As restrained to the historical custom and clarified by Vertigan case:
An example of a person who was hired at the post of a nursery foreman. He could not acquire the accommodation by the council resulting in him to buy a bungalow in the vicinity of the office where he started living. It allowed him to reach the work place within a time span of five minutes. It was then decided that it was not a compulsion in performing his duties and the exception does not apply in this case. Then where does the exception apply? The exception was restricted to the scenarios where the employers were expected to provide for the living space in the Companies house setup.
This provision of accommodation was determined by the following parameters:
Hence, it was concluded that even if the accommodation had been provided in return to the better performance of his particular duties, he was not accustomed to provide them. Any case other than the one discussed above, the employee remains chargeable under the chapter five of the part 3 on the benefit’s cash equivalent.
To determine if there are any Exemptions of Benefits and Payments under ITEPA Part Four
Some important provisions under discussion are:
To determine if there are any Allowable Deductions under ITEPA Section 336
The possible conditions are:
According to Pitch ford LJ case: once, almost like B, cash is spent attending a course, travel fare etc. If there's, as an example, associate degree workplace holding interviews next to the school that I’m attending, then ‘it could be a question of truth whether or not I even have incurred the expense of travel completely within the performance of the duties of my employment or part for functions personal to myself’. Similarly, once T attends school attributable to his employer’s needs, and for his own personal wishes, it's an issue of truth if expenses are an incurred part for private reasons.

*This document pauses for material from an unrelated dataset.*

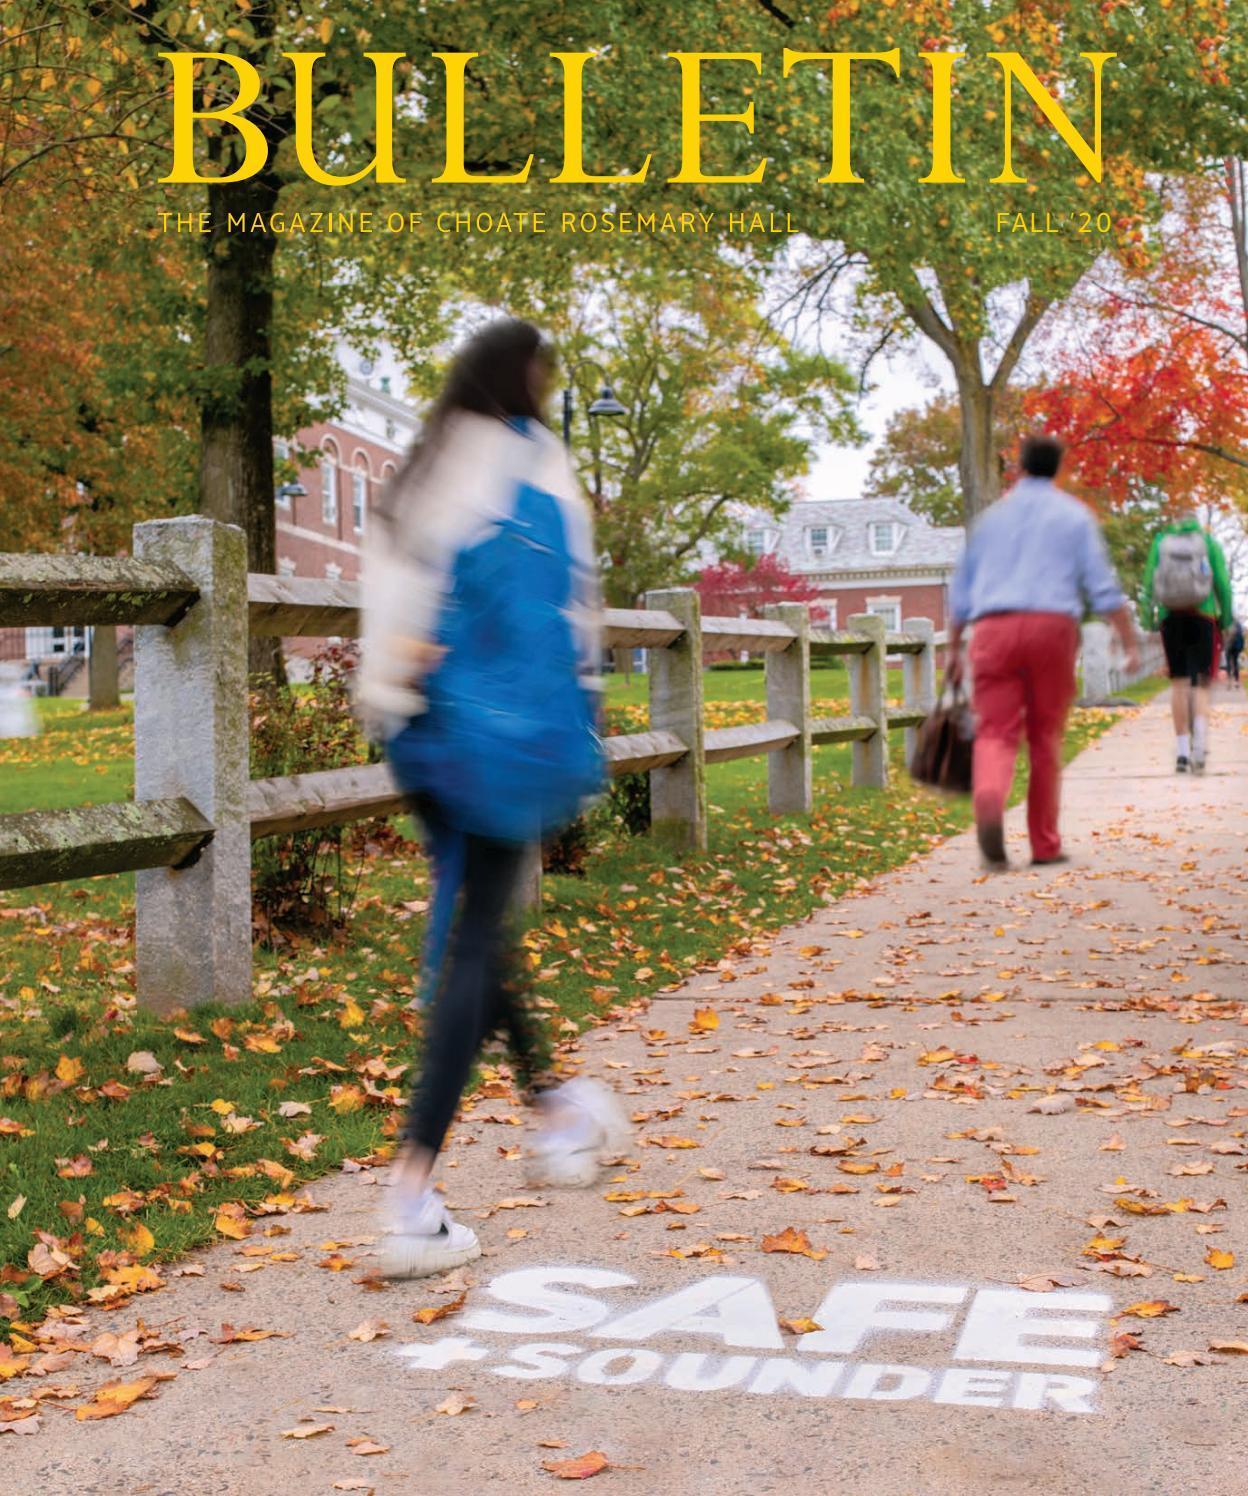 Choate Rosemary Hall Bulletin Fall 20 By Choate Rosemary Hall Issuu
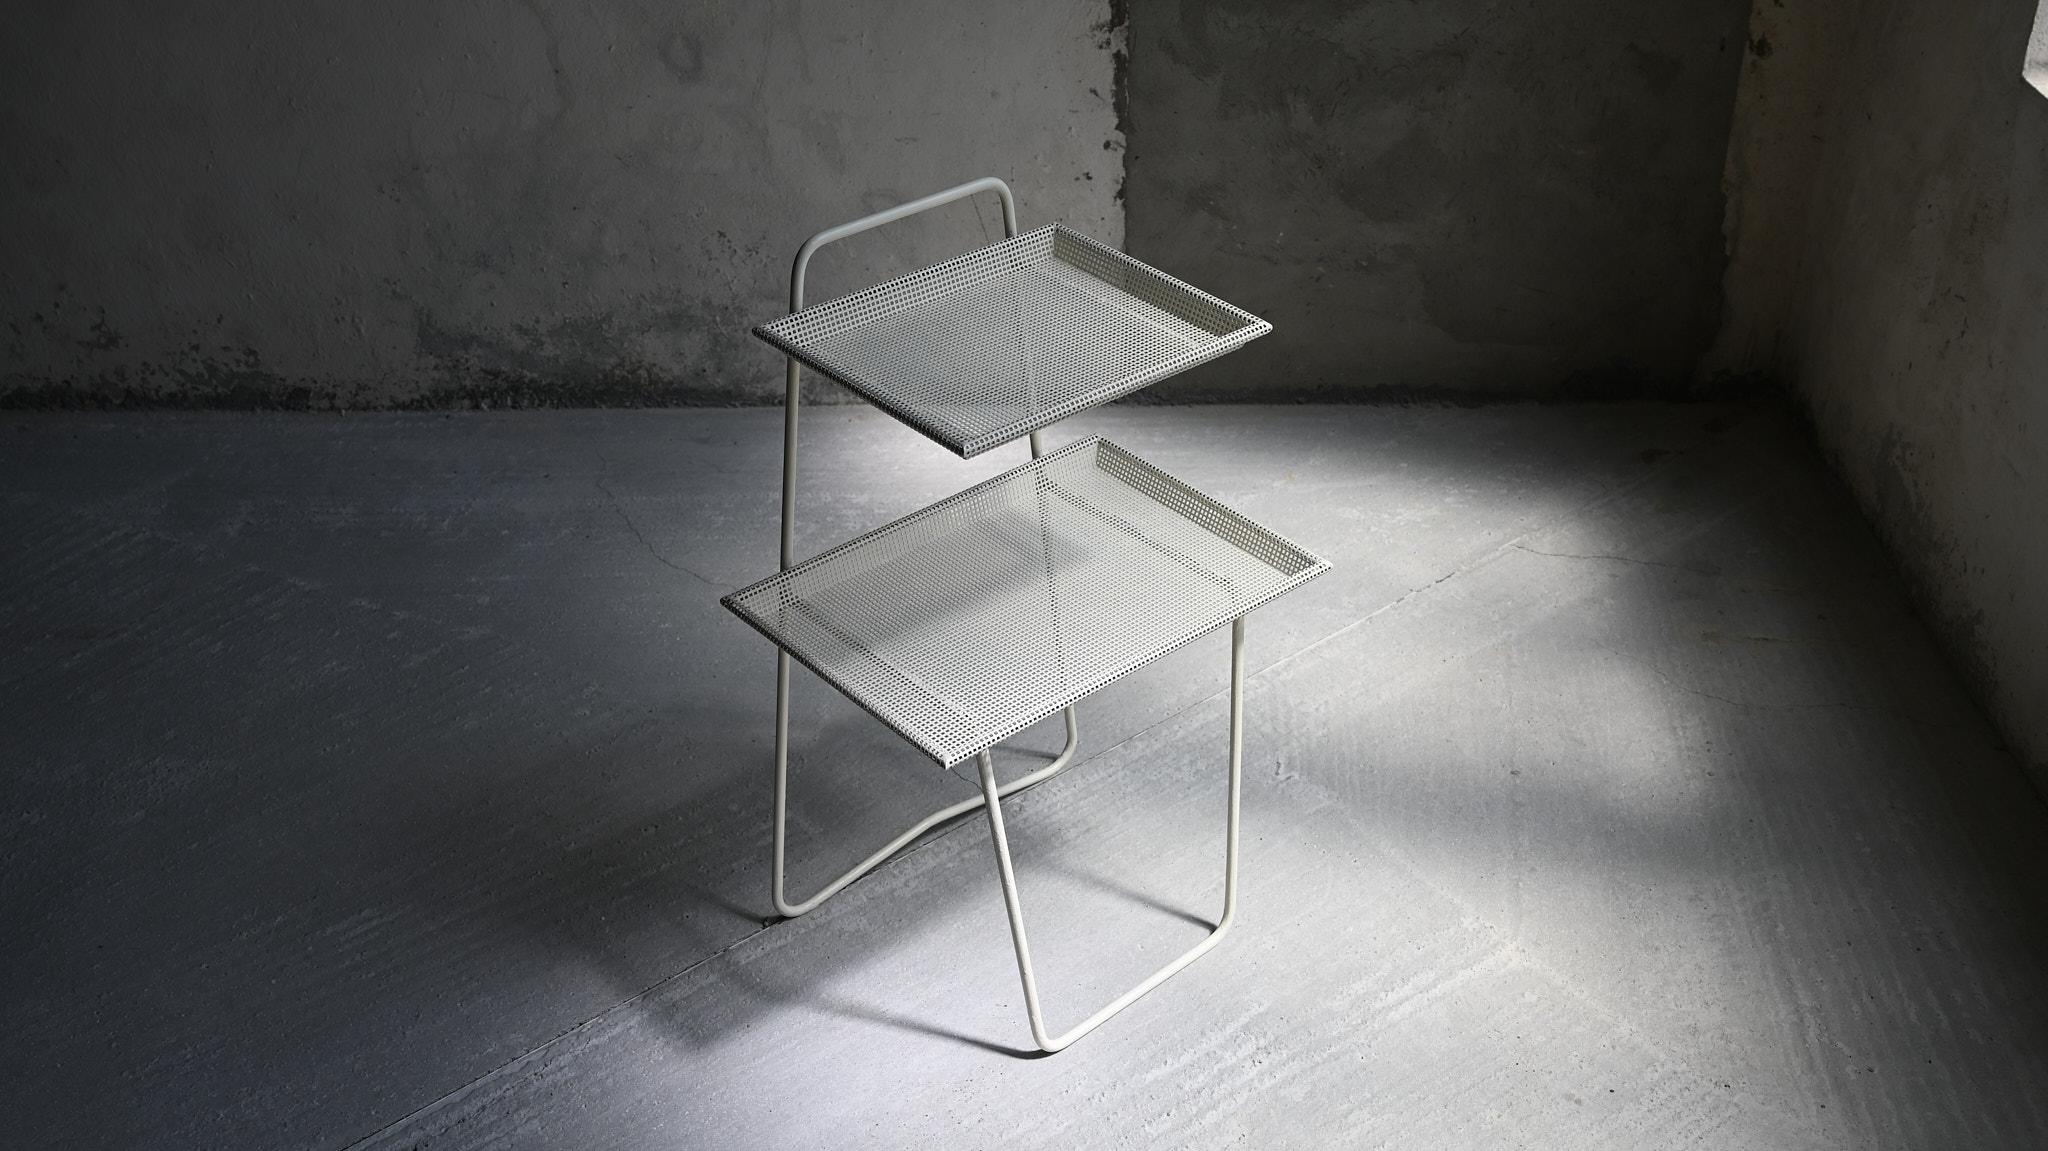 mathieu mategot phone table téléphone atelier mategot perforated metal perfore mid century modern moderniste modernism french design francais

In all the instances, it appears to ME, I even have arguably not incurred the expense of trip school completely within the performance of the duties of my employment. it's an issue of truth whether or not I even have in each cases, or in either case, incurred the expense part in performance of my duties and part for reasons personal to myself.
In Simpson case, subscriptions to skilled bodies paid by a rustic medical practitioner were disallowed, even supposing the journals received enabled him to stay himself properly qualified. this can be reversed by statute, and subscriptions are deductible, however just for restricted skilled membership fees and for annual subscriptions to approved societies.
In Humbles case, an instructor who had attended a series of lectures for the needs of his data couldn't deduct these expenses; a distinction was drawn between qualifying to show and obtaining material on one hand, and making ready lectures for delivery, on another hand.
The same conclusion was reached once knowledgeable football game player sought-after to deduct the prices of assorted dietary supplements in Ansell case.